A research project was started with about 30 housewives and an interesting phenomenon occurred. One woman, who suffered from migraine headaches, reported that she felt she was going to have a headache, did her hand-warming techniques and the headache stopped. It was tried with about four or five other people and,again, they were able to self-regulate their migraine headache attacks.

The project was expanded to 42 patients. 25 of these were able to stop their headaches entirely by learning and practicing the relaxation techniques twice a day for about 15 minutes. More interestingly, is that the few women who did stop their home practice sessions, the headaches returned. This makes sense. What was done with the vaso-dilation hand-warming was to stabilize the arteries so they were less liable to go into spasm.

Subsequent work showed that 80% of the patients learning relaxation and biofeedback techniques could self-regulate their tension.

This concept is the basis of biofeedback. After considerable practice sessions and enough information about their symptoms or disease, they learn to self-regulate the symptoms and get them back under their own control. In time the regulatory pattern and learning pattern are incorporated into their own brain and nervous system so that the machine is no longer needed.

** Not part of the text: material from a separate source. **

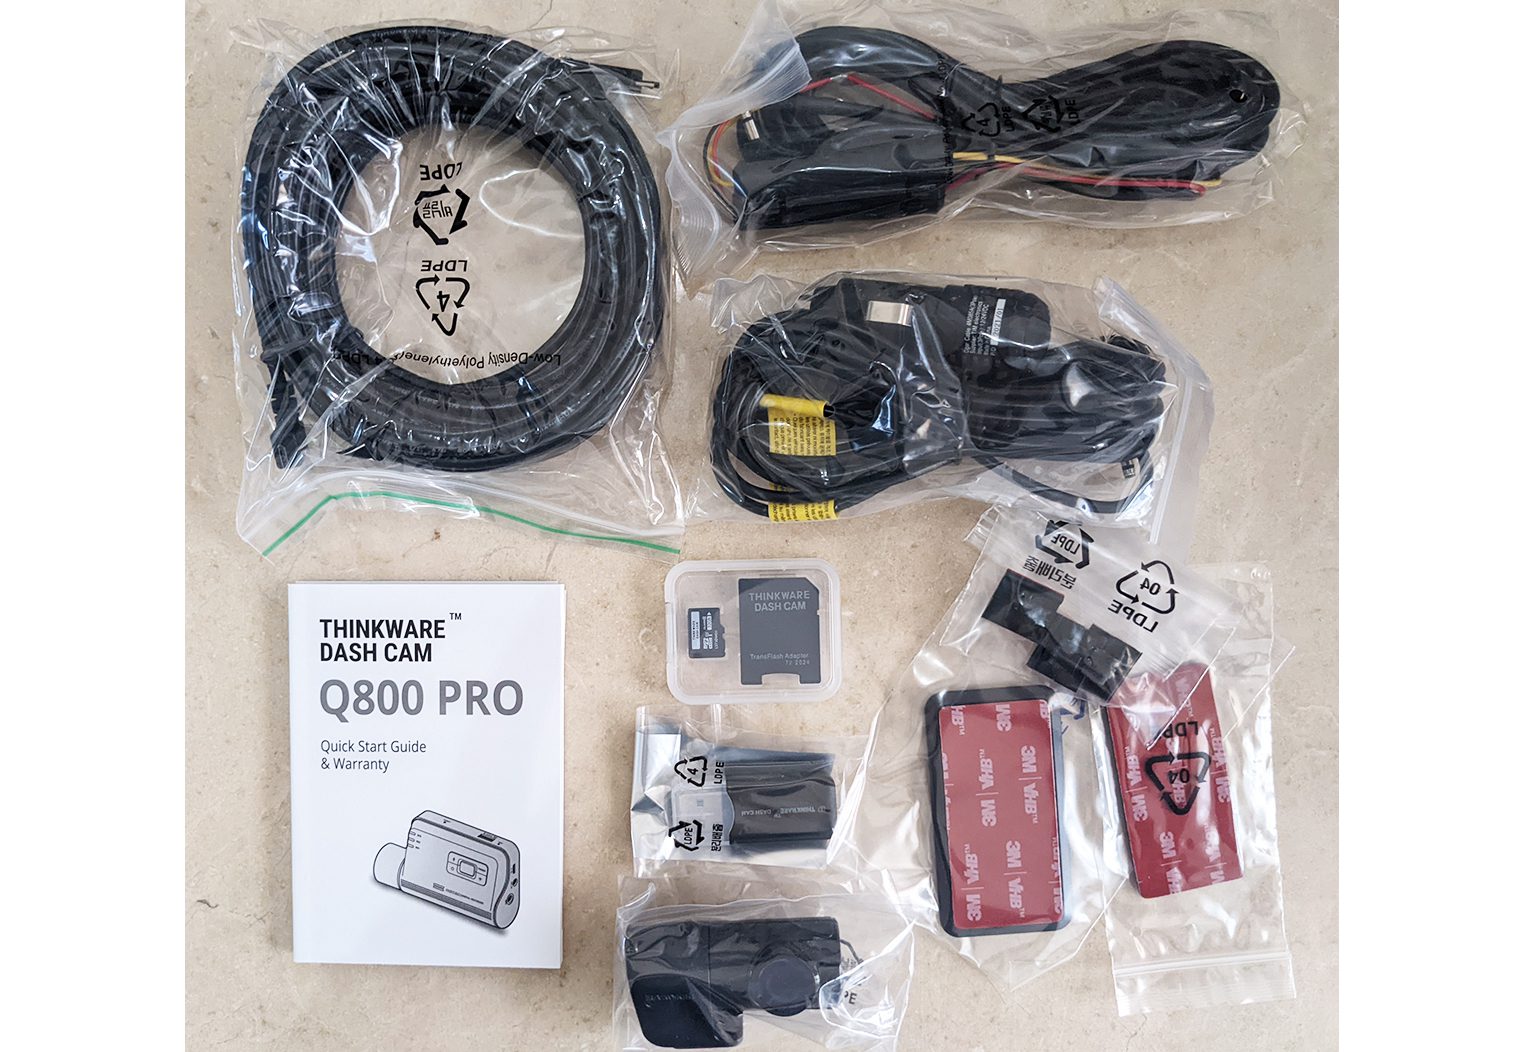 Thinkware Q800 PRO contents in the box

The work which first started with headaches has expanded to many other diseases, such as hyper-activity, Reynaud’s disease, high blood pressure, epilepsy and others. But most important is improvement of the autonomic nervous system.

We can now regulate and decrease sympathetic tone. This seems to be the cause of a lot of symptoms. So by teaching a person to specifically decrease sympathetic tone, they are able to decrease symptoms of distress signs they have.

Now, I think I’ve covered most of the work about biofeedback and self-regulation. We’re interested in the person gaining or regaining control of his own body, his own emotions and then to follow through and continue that improvement. So I say to all of you, if you are not involved with some kind of relaxation technique or meditation or biofeedback that you seriously consider it and I think it will be, hopefully, a general health policy for people instead of aspirins and tranquilizers.

About 5 years ago, Dr. Holmes and Dr. Raff out in California, wanted to make a judgment of how stress effected a person’s health. They studied people’s lives for a period of two years by having them keep a record of events in their lives and these were given a numerical scale. If the total was about 100 or 150, only about 30% developed a major change in their health. Approximately 50% of the people developed some disease or disorder if the range was about 200. If people had over 300 points, they found about 85% developed a serious health problem.

Now, Holmes and Raff are very clear about a point I made and I want to make it again. It is not the amount of stress but whether or not you are dealing with it. If you are not handling stress, it’s probably going to handle you.

WASTE IN THE COLON

American physicians have contended for decades that it does not matter whether a person has one or two bowel movements a day or only two or three a week. That view has been challenged by British and South African medical scientists who suggest that regularity may be a matter of life and death. Too few bowel movements and too little bulk in the stools may explain the occurrence of such varied disorders as heart and gall-bladder disease, diverticulosis, varicose veins, hiatal hernia and cancer of the large intestine.

The scientists conducted elaborate experiments in which volunteers in England, India and Africa had their bowel movements clocked and their feces weighed. Among the results of the study: peoples living under primitive conditions, on diets high in indigestible fibers, passed from 2 1/2 to 4 1/2 times as much feces as sailors in the Royal Navy, and were relatively free of many of the diseases studied.

The ways in which low-weight, sluggish bowel movements might contribute to so many diverse diseases are complex and indirect. Diverticulosis – in which the large bowel is deeply pitted and fecal material is trapped in the crevices – appears to be directly related to a diet rich in such highly refined carbohydrates as white flour and sugar. Tumors, both benign and malignant, are related to biochemical and bacterial changes caused by long retention of feces.